## Source material
────────

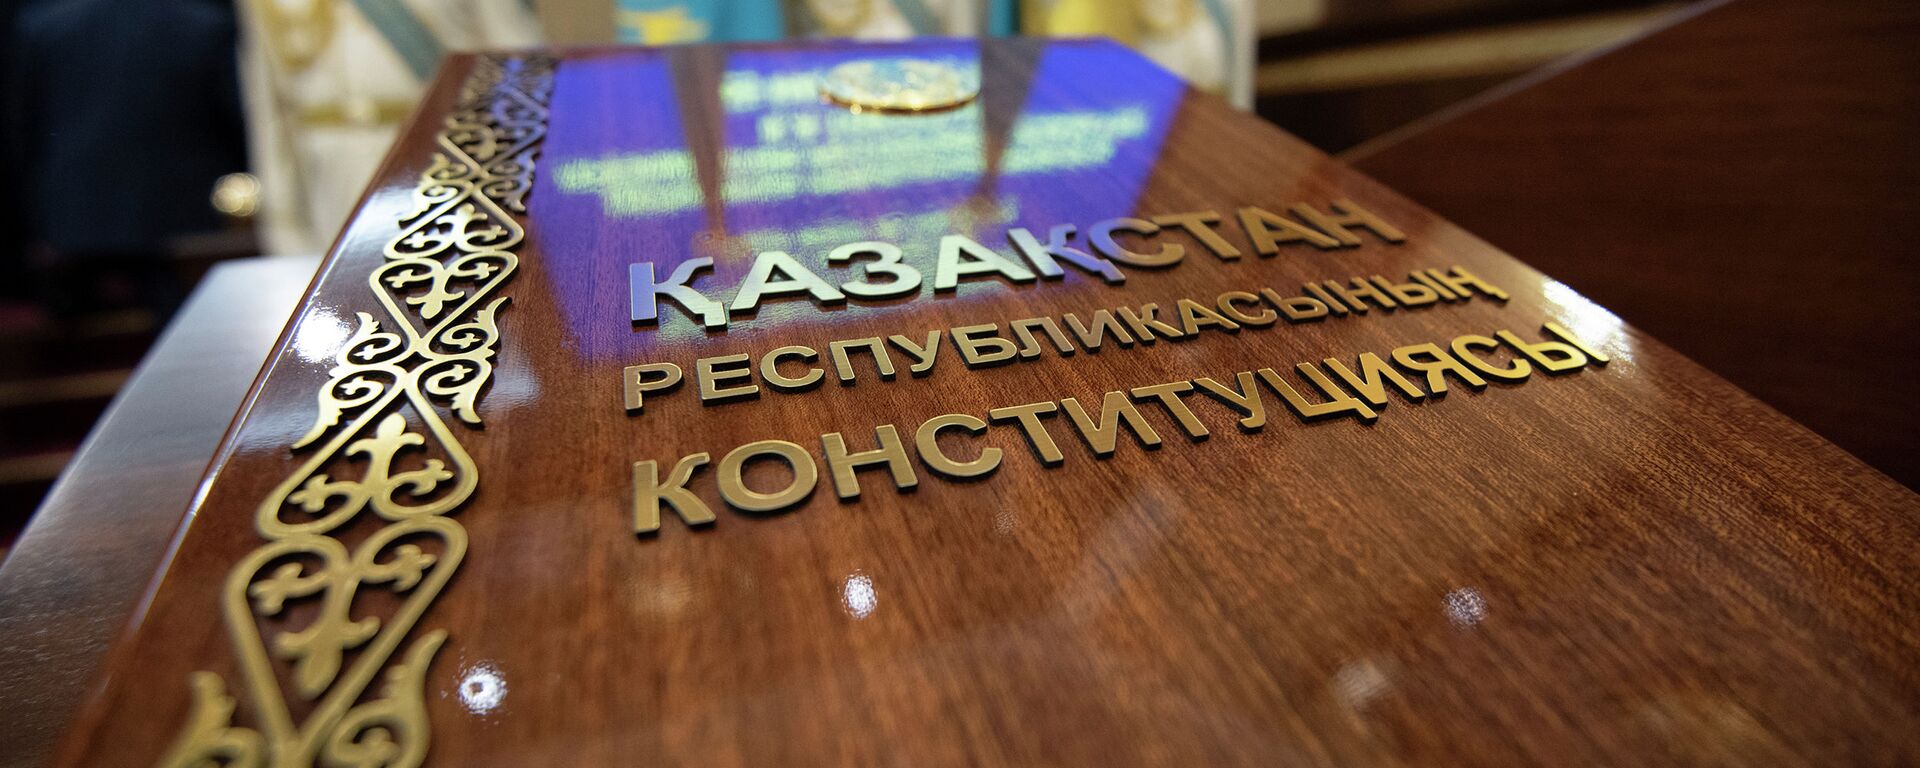 Конституция Республики Казахстан - Sputnik Казахстан, 1920, 30.08.2019
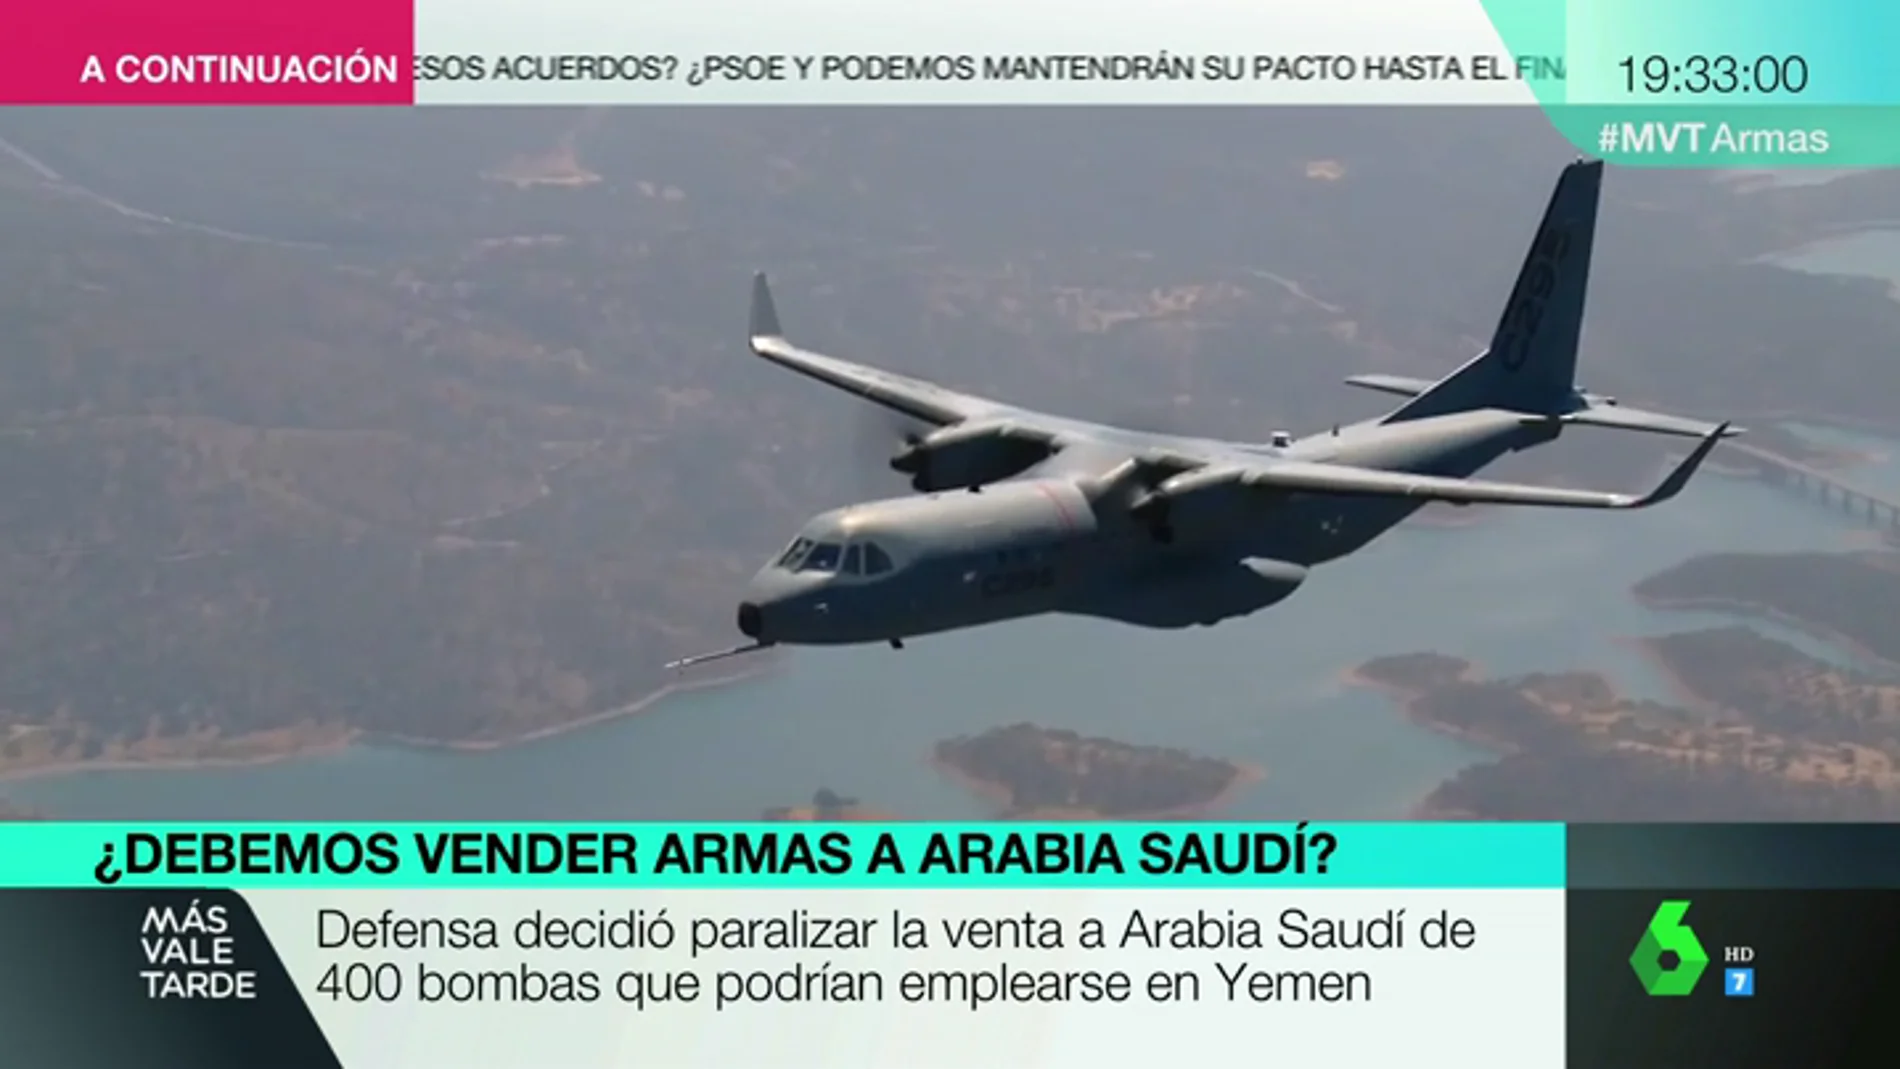 Un avión militar, drones, armas: estas son las ventas que ha hecho España a Arabia Saudí
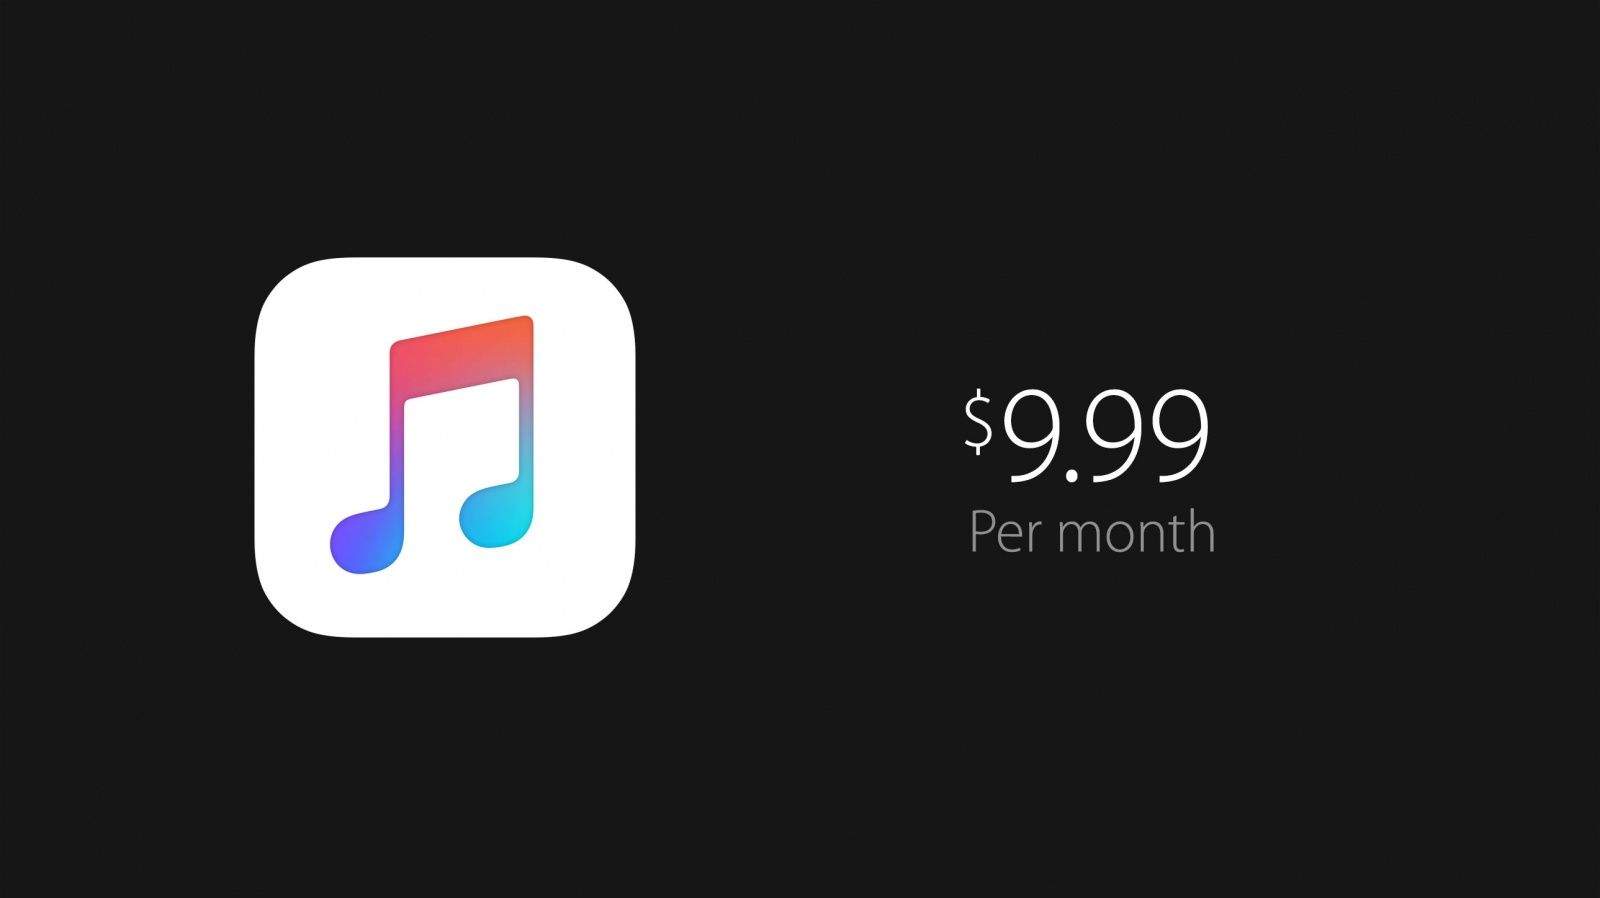 كل ماتريد أن تعرفه عن خدمة Apple Music .. المنافس القادم بقوة

────────

## Assignment
Set down the material word for word, and drop every picture from it.

## Written answer
 Конституция Республики Казахстан - Sputnik Казахстан, 1920, 30.08.2019
 Un avión militar, drones, armas: estas son las ventas que ha hecho España a Arabia Saudí
 كل ماتريد أن تعرفه عن خدمة Apple Music .. المنافس القادم بقوة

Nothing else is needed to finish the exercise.